Thursday, May 03, 2012

The Tale of Two Dresses - Part 2

Pin-basted together with the darts on the outside.
Getting a feel for the hem length.
Nothing is more inspiring than success!

After her triumph with the black knit party dress, Ms Better Than the Best was eager to sew again. She decided a sheath dress (or two or three) would be a great addition to her wardrobe. A good-fitting sheath dress flatters the curvy figure and makes getting dressed in the morning a cinch. With a tested tried ’n’ true pattern, Ms BTTB knew she could create some interesting variations on a theme with different necklines and fabrics.

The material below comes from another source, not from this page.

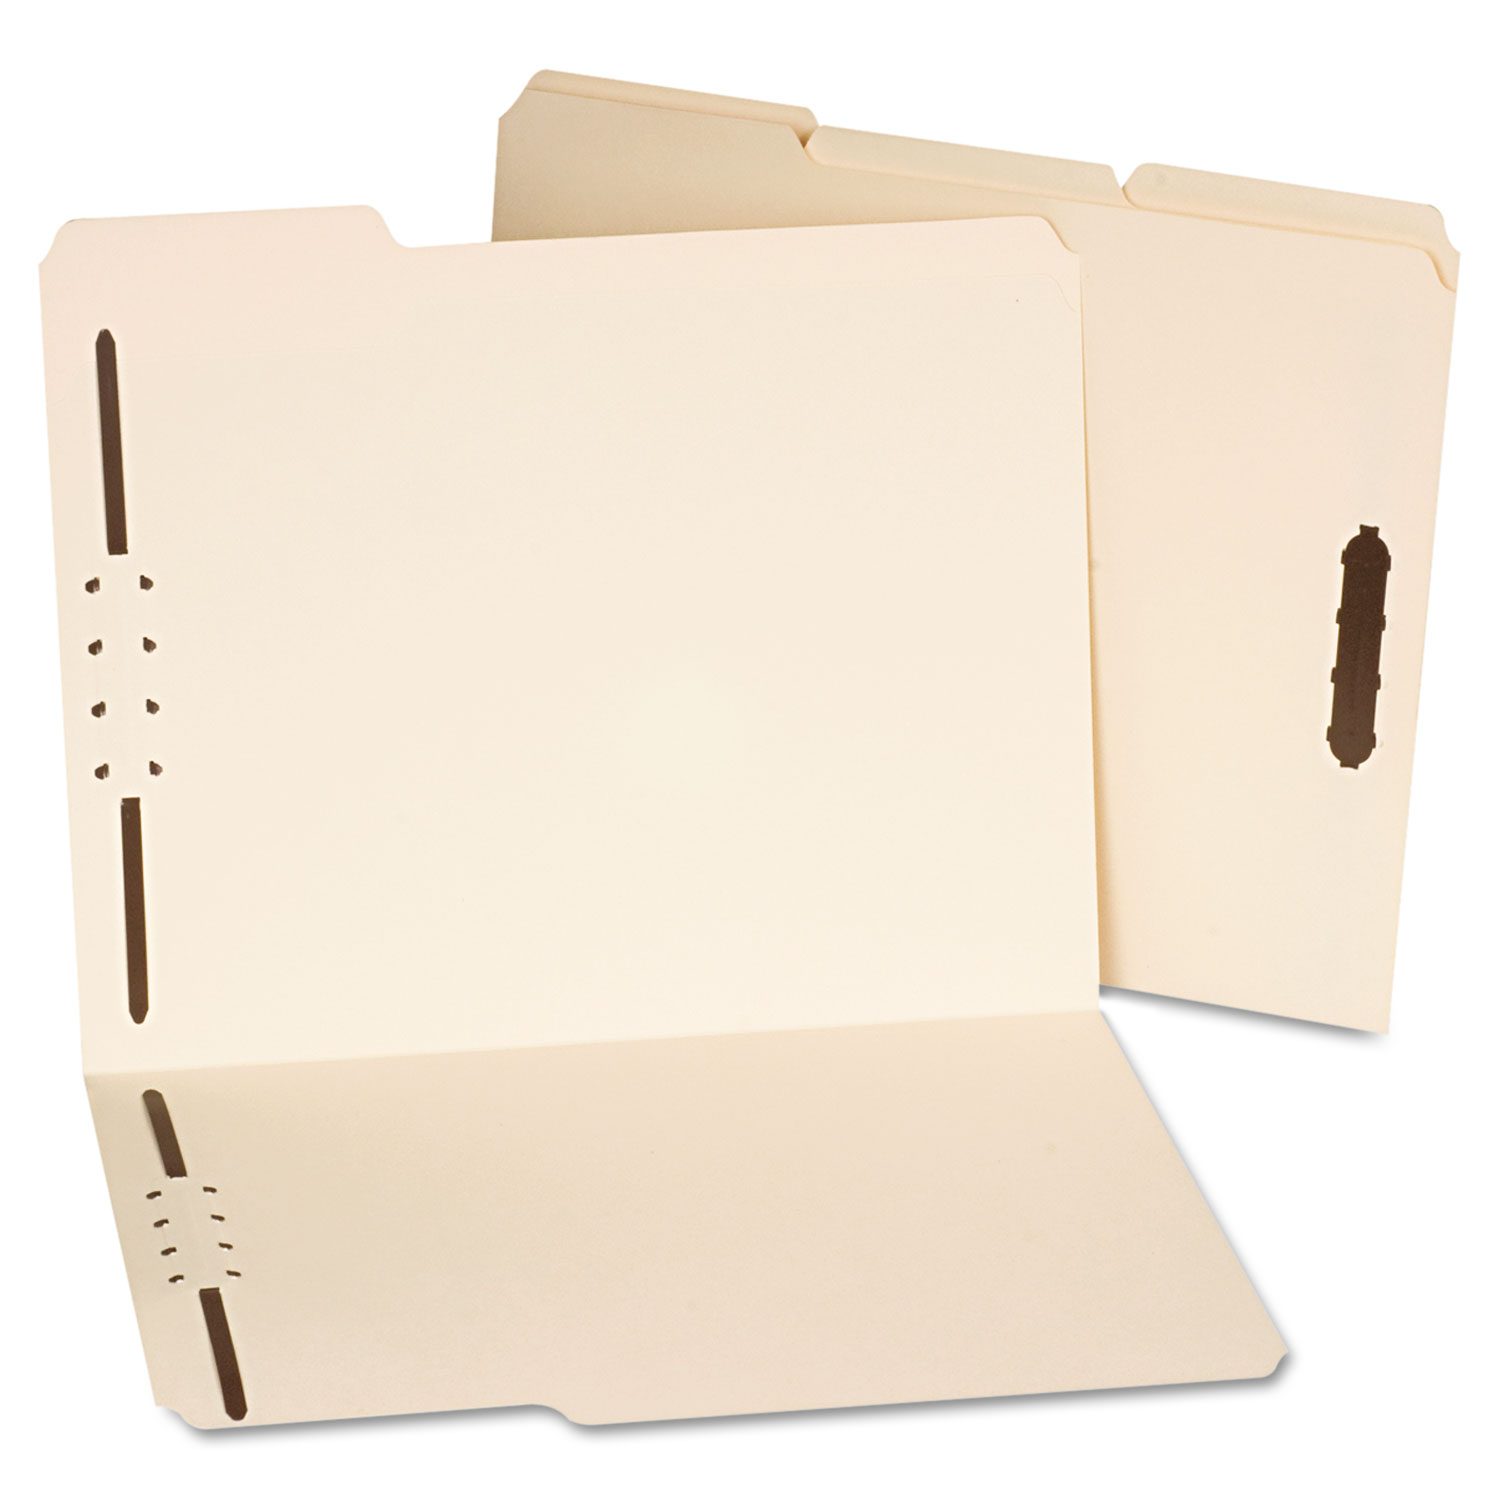  Universal UNV13420 Deluxe Reinforced Top Tab Folders with Two Fasteners, 1/3-Cut Tabs, Letter Size, Manila, 50/Box (UNV13420)

Finding a good basic sheath dress pattern proved to be harder than expected. Several “almosts” had full skirts, or slits, or weird design lines, or no sleeves. Finally she found one she liked: McCalls 2401. It features bust and waist darts, straight skirt, sleeves and a simple neckline. Unfortunately it is not one of the pick-your-cup-size patterns.

Deciding which size to use is a challenge for anyone, but it’s especially hard for a curvy girl. Using the full bust measurement is a recipe for disaster. In the end, she chose the size she thought would best fit her shoulders and neckline, and would do the full bust adjustment for the bodice. A good solution, especially as I was around to help drape-fit the pattern.

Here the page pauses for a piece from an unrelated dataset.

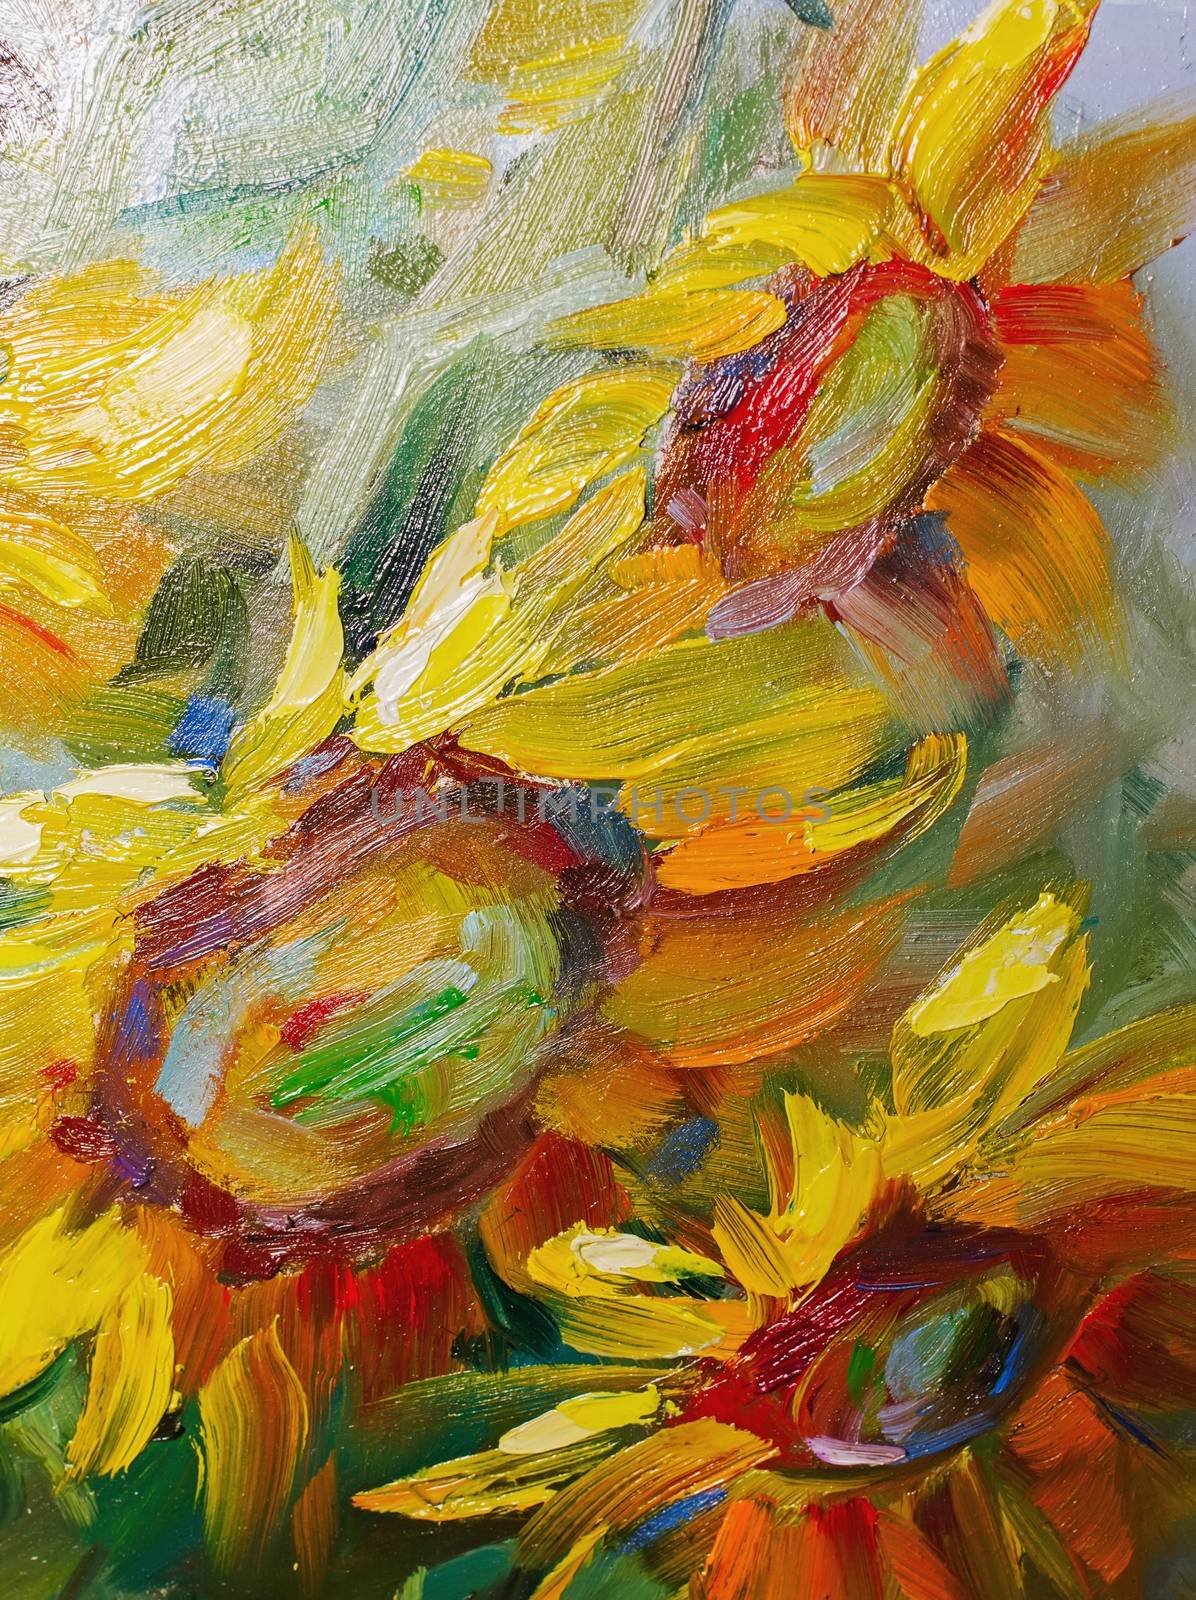 Texture oil painting, floTexture of oil paintings, flowers, painting fragment of painted color image, wallpaper and backgrounds, for backgrounds and textures floral pattern in oil on canvaswers, art, painted color image, paint, wallpaper and backgrounds, canvas, artist, impressionism, painting floral pattern

After a quick tissue-fitting, and pattern altering, the dress was cut out of muslin and basted together. Not bad, but the darts needed adjusting, which is easy to do in the muslin format because you can add or cut away fabric. While I was working on one side of the dress, I could see the fabric was trying to form French darts. (French darts start from the side seam, around the waist, and  angle up to the bust. It’s a very flattering line.) I pinned it out and we took a look. Nice!

Close-up of the two French darts, pin-basted together on the
outside. I like the way they subtly shape the dress.
Just for fun, I split the French dart into two – one above the other – and the result was gorgeous! From the one pattern, Ms BTTB now has two looks – the standard bust-and-waist-darts, and the draped French darts.


Unfortunately, our sewing time ran out before we finished the project. For our final fitting, the French dart dress, cut out of the fashion fabric, was pin-basted together with the darts on the right side. The lines looked good on this inside-out version, and appeared to be in the right place. So far, so good.

I’m eagerly awaiting the finished version.